Y don Guillén se tendió sobre su cama y comenzó a doblar su cuerpo de modo que Diego Pinto comprendió que fácilmente se podía salir así por aquella ventana, que para mayor seguridad tenía en el cubo la forma de Z imperfecta, a fin de que los reos recibieran la luz sin ver lo que pasaba fuera, y no tuvieran esperanza de salir de allí.

Esa Z tenía dos rejas; de hierro la que estaba en el calabozo; de madera la que caía para el patio.

Ya don Guillén había logrado arrancar la primera.

—Bien —dijo Diego— ¿y la otra reja?

—Ésa es de madera, y podemos romperla o cortarla fácilmente: está vieja y apolillada, y yo he llegado ya hasta ella, y no me parece que sea difícil forzarla.

—¿Llegado habéis hasta ella?

—Sí.

—¿Cómo?

—He quitado ésta, y moviendo el cuerpo tal cual os he mostrado, llegué hasta mirar el patio.

—¿Y cómo no os vi en esa operación?

—Era de noche y dormíais como un bienaventurado, sin pensar en que yo trabajaba por la libertad de los dos.

—¿Por qué no me llamasteis en vuestro auxilio?

—Aún no tenía yo confianza en vuestra lealtad y decisión, pues que todavía hace poco me tratasteis de «vuesa merced», lo que no prueba mucha intimidad.

—Pero ahora estoy dispuesto a todo.

—Me alegro; porque yo os respondo del éxito.

—Franqueando la ventana ¿adónde vamos?

—Estando preso los primeros días, en lo que aquí llaman las cárceles nuevas, Pedro de Cangas, el alcaide, me llevó al Tribunal a dar una declaración: entonces, por el callejón que pasa de las dichas cárceles a las viejas, me asomé a una ventana que en él había, y observé que caía a un jardín: este jardín tiene una tapia baja, y esa tapia cae para la calle, porque frente de ella descubrí una casa; luego entre esa tapia y aquella casa está la calle.

—Muy bien pensado.

—Pues no hay mucho que pensar: puestos en el patio, cortaremos las dos rejas del patio que dan al jardín y que son de madera.

—Y llegando al jardín ¿cómo saltar a la calle?

—Con una escalera.

—Loco estáis: ¿dónde hallar esa escalera?

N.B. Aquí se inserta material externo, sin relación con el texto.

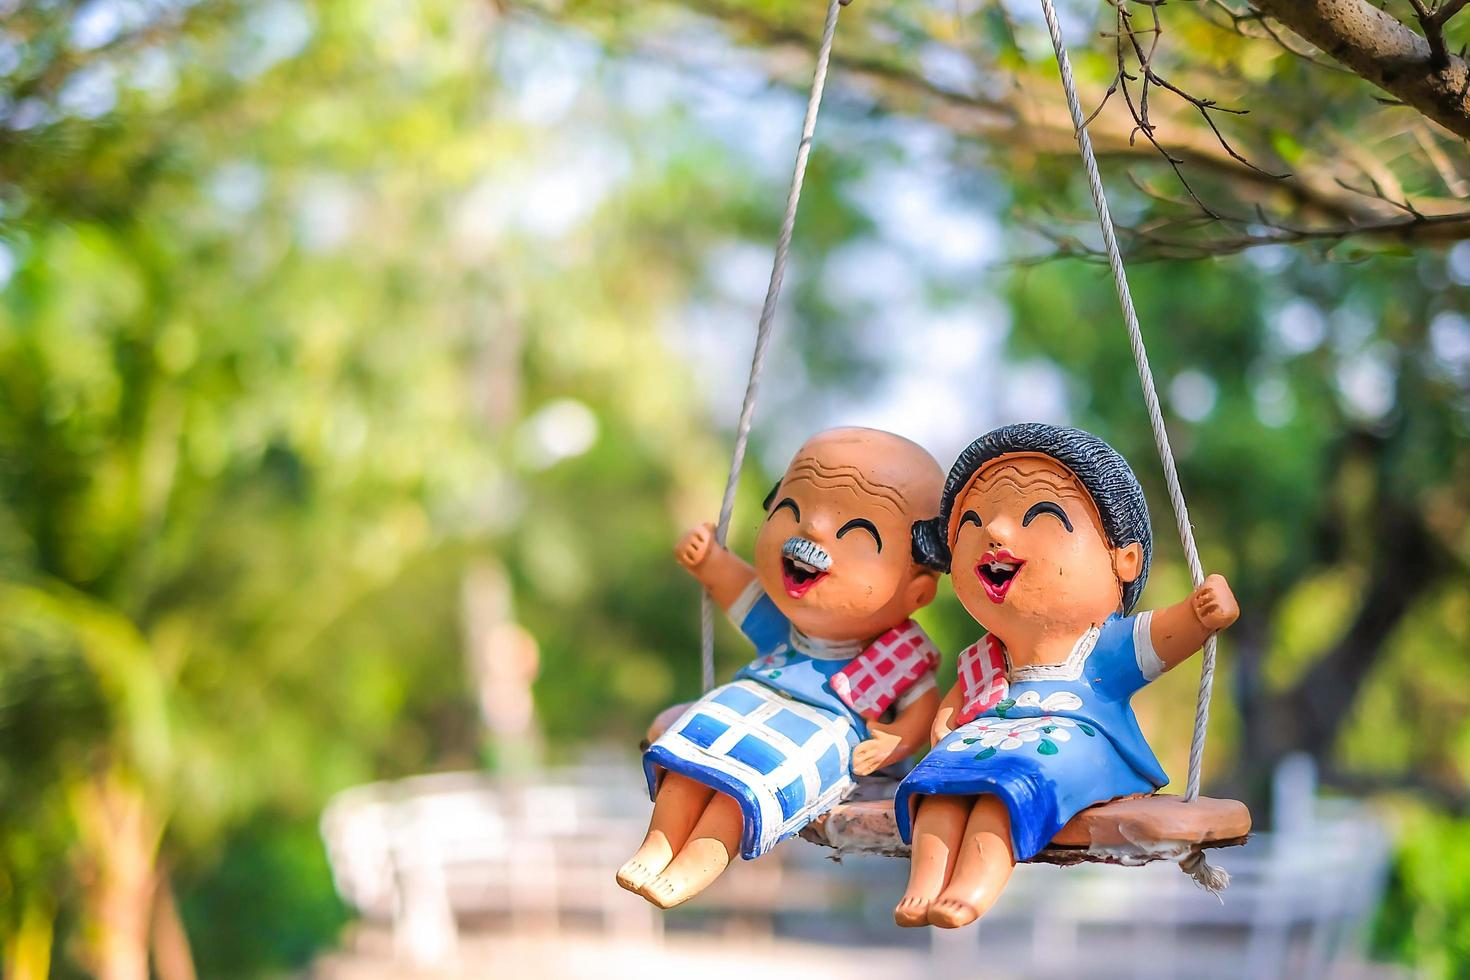 coppia giocattolo oscillante al sole foto
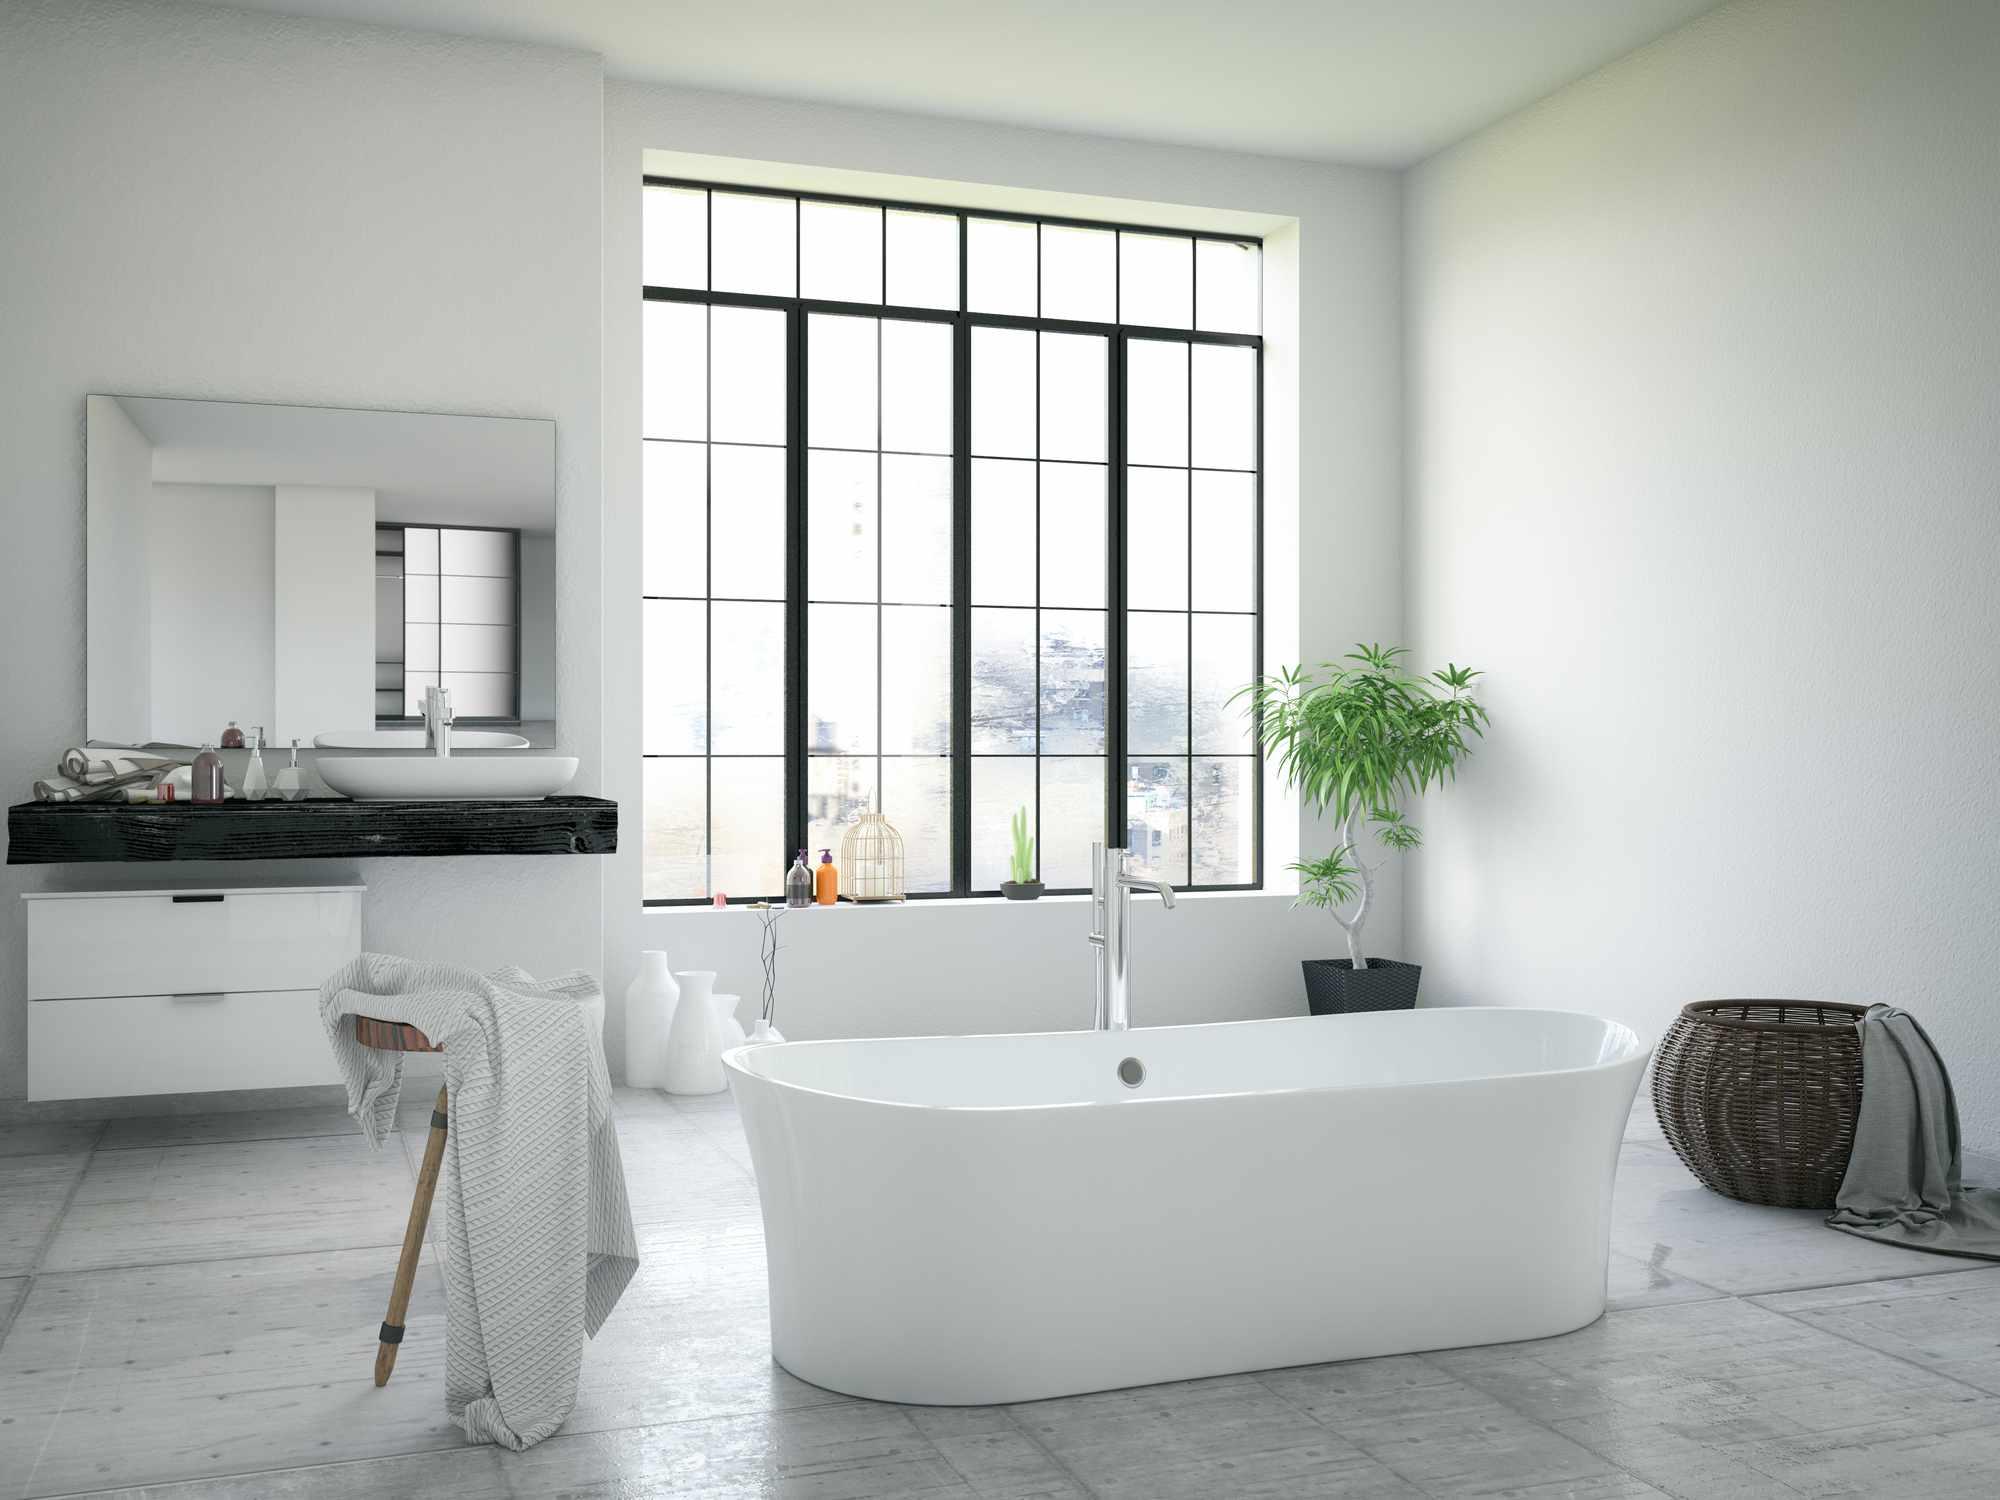 A freestanding bathtub in a modern bathroom

—Arrancaremos dos tablas de mi cama, y colocadas una con otra, atadas con un cordel, nos darán la altura necesaria para subir hasta el borde de la tapia: una vez allí, pasamos nuestra escalera al otro lado, y estamos en la calle.

—Admirablemente pensado.

—Detiéneme, sin embargo, una cosa.

—¿Cuál es ella?

—Que como ha tantos años que estoy preso, no conozco en México una casa, rica o pobre, adonde podamos ocultarnos mientras salimos de la ciudad.

—No me había ocurrido eso.

—¿Vos no conocéis alguna persona que nos diera hospitalidad?

—Conozco en el rumbo de Monserrate, y en uno de aquellos callejones, un hombre que nos puede servir.

—Buen rumbo para ocultarse.

—El peligro está en que viva ahora allí; porque su ocupación es trajinar con cargas a la tierra adentro, y fácil sería que estuviese ausente.

—¿Y será hombre de todo secreto?

—Sí que lo es.

—¿Y es solo o tiene familia?

—Casado es y tiene hijos.

—En tal caso, aunque se halle ausente podemos llegarnos a su casa, y allí permanecer mientras nos consiguen caballos para salir de la ciudad.

—Es cierto.

—Y si a salir llegamos ¿adónde os parece que debemos dirigirnos?

—En primer lugar, debemos de irnos hasta Otumba, en donde tengo yo amigos y parientes que nos darán cabalgaduras.

—¿Y de allí?

—Por el monte, caminando de noche, hasta cerca de Querétaro.

—¿Con qué fin?

—Sé por un compañero de cárcel que tuve, que cerca de Querétaro, por el lado de la Sierra, hay una ranchería de mulatos cimarrones; que por las noches se retiran a los bosques y viven seguros, y nadie les persigue.

—No es mal pensamiento.

—Si no os agrada el rumbo, hay también por Veracruz otro pueblo de negros, llamado de San Antonio; y esto lo sé por otro compañero de cárcel que tuve, llamádose Fonseca.

—Todo está pues previsto, y no hace falta más que el trabajo.

—¿Y los instrumentos?

—Yo los proporcionaré si dispuesto estáis a trabajar con ardor.

—Tanto como vos.

—En tal caso, desde esta noche comenzamos; que el alcaide no debe tardar mucho tiempo en venir, y no sería prudente hacer nada hasta después del registro.

Los dos tomaron entonces el aspecto de mayor indiferencia que les fue posible, porque se escuchaban los pasos del alcaide que hacía su ronda, y entregaba las torcidas con que se alumbraban los presos.

Entró por fin al calabozo de don Guillén, registró como de costumbre, entrególe la vela y salió.

Don Guillén y Diego se levantaron inmediatamente para poner manos a la obra.